▶ _RAW DATA_
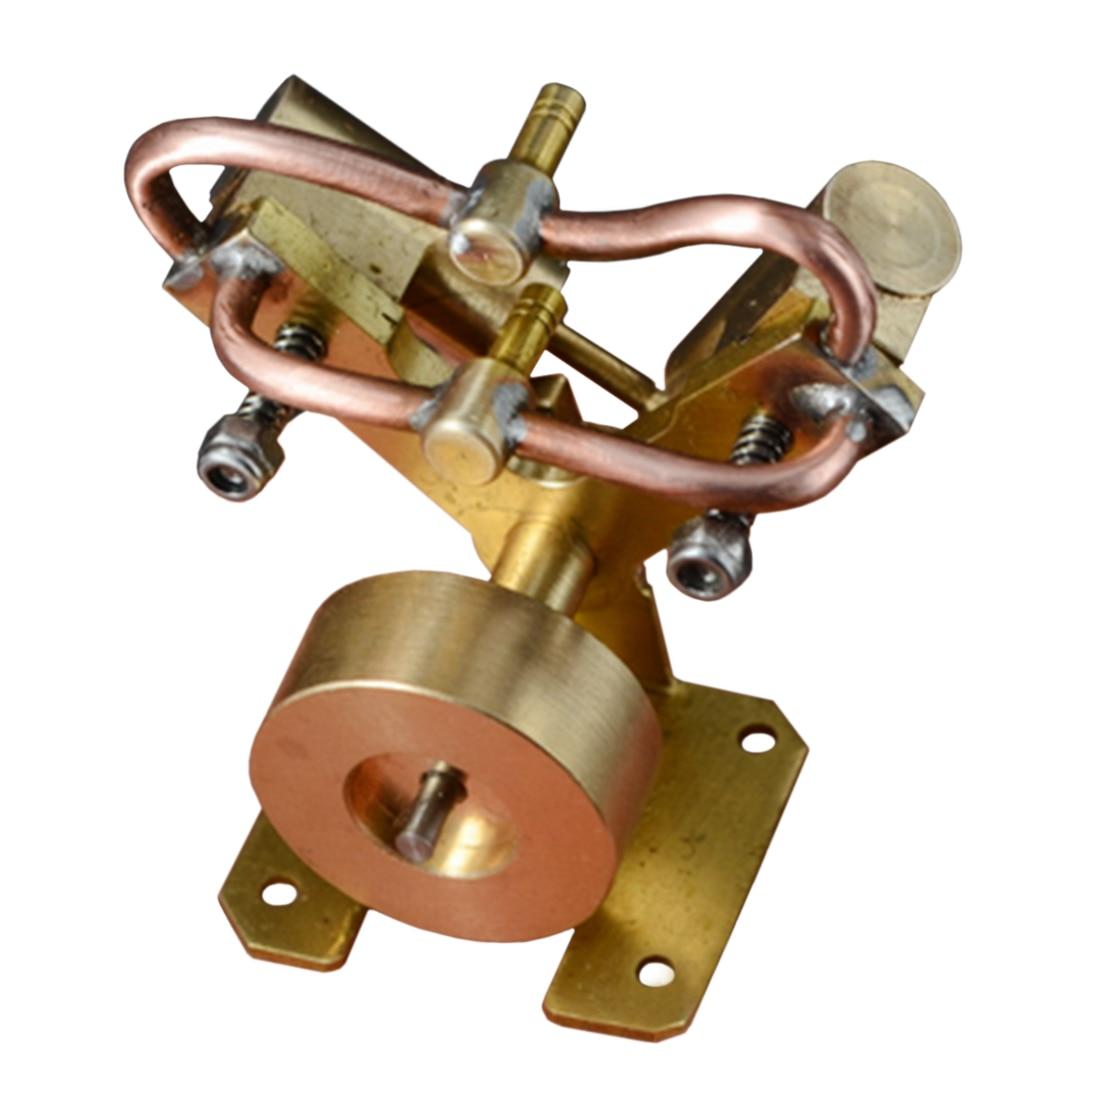 Mini V-forme Pur Cuivre Double Cylindre locomotive à vapeur jouet modèle Durable Creative cadeau éducatif pour les Enfants L'apprentissage de La Science Kit
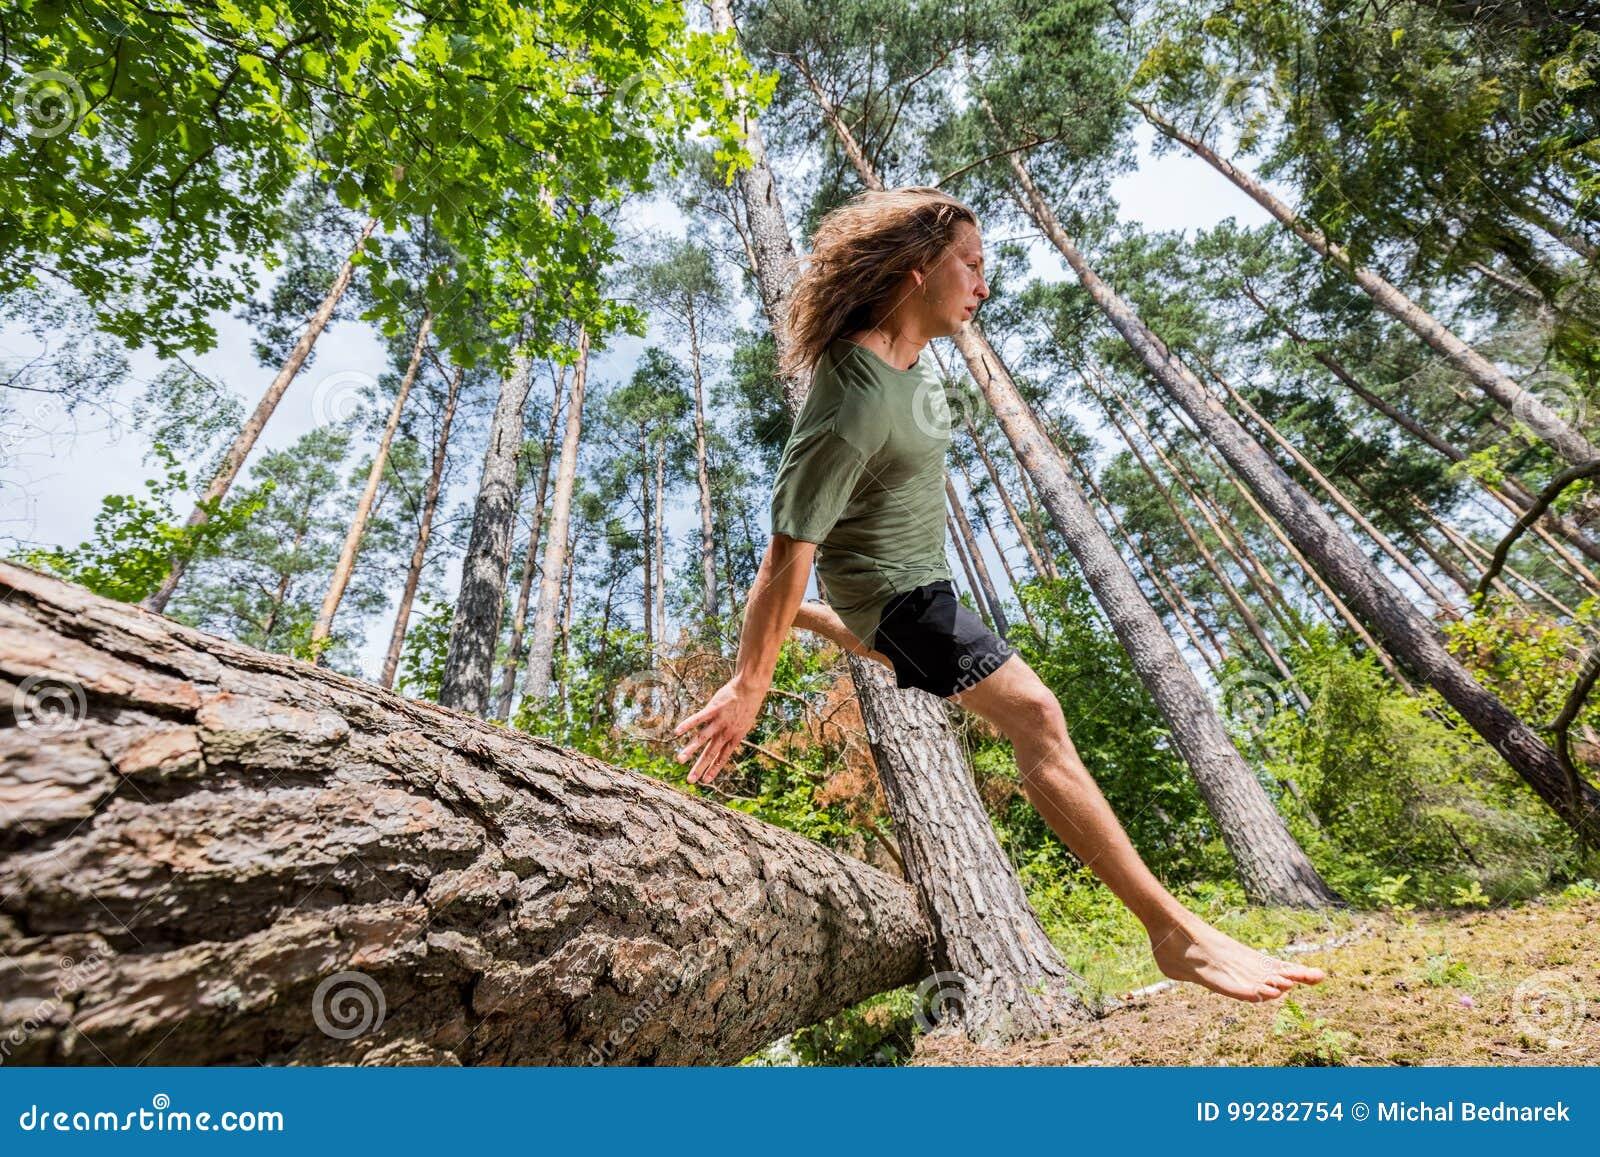 Młody człowiek skacze nad drzewnym bagażnikiem w lesie
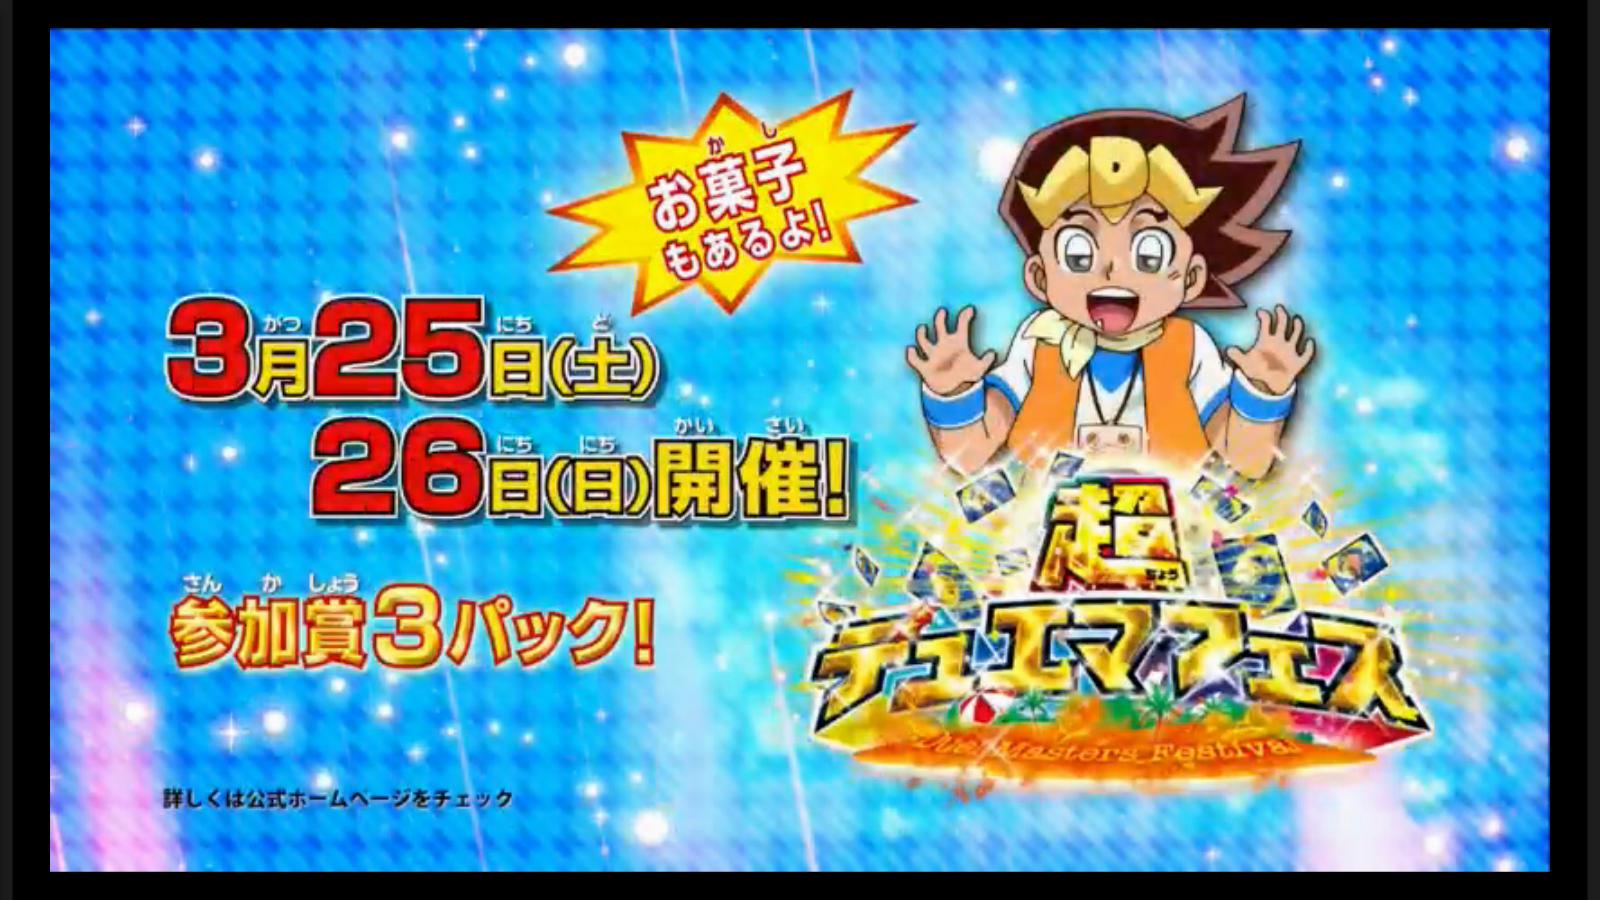 dm-kakumei-finalcup-news-170226-069.jpg

▶ _ACTION ITEM_
Each line of the listing is to be retyped exactly, and its pictures are to be dropped.

▶ _TASK SOLUTION_
 Mini V-forme Pur Cuivre Double Cylindre locomotive à vapeur jouet modèle Durable Creative cadeau éducatif pour les Enfants L'apprentissage de La Science Kit
 Młody człowiek skacze nad drzewnym bagażnikiem w lesie
 dm-kakumei-finalcup-news-170226-069.jpg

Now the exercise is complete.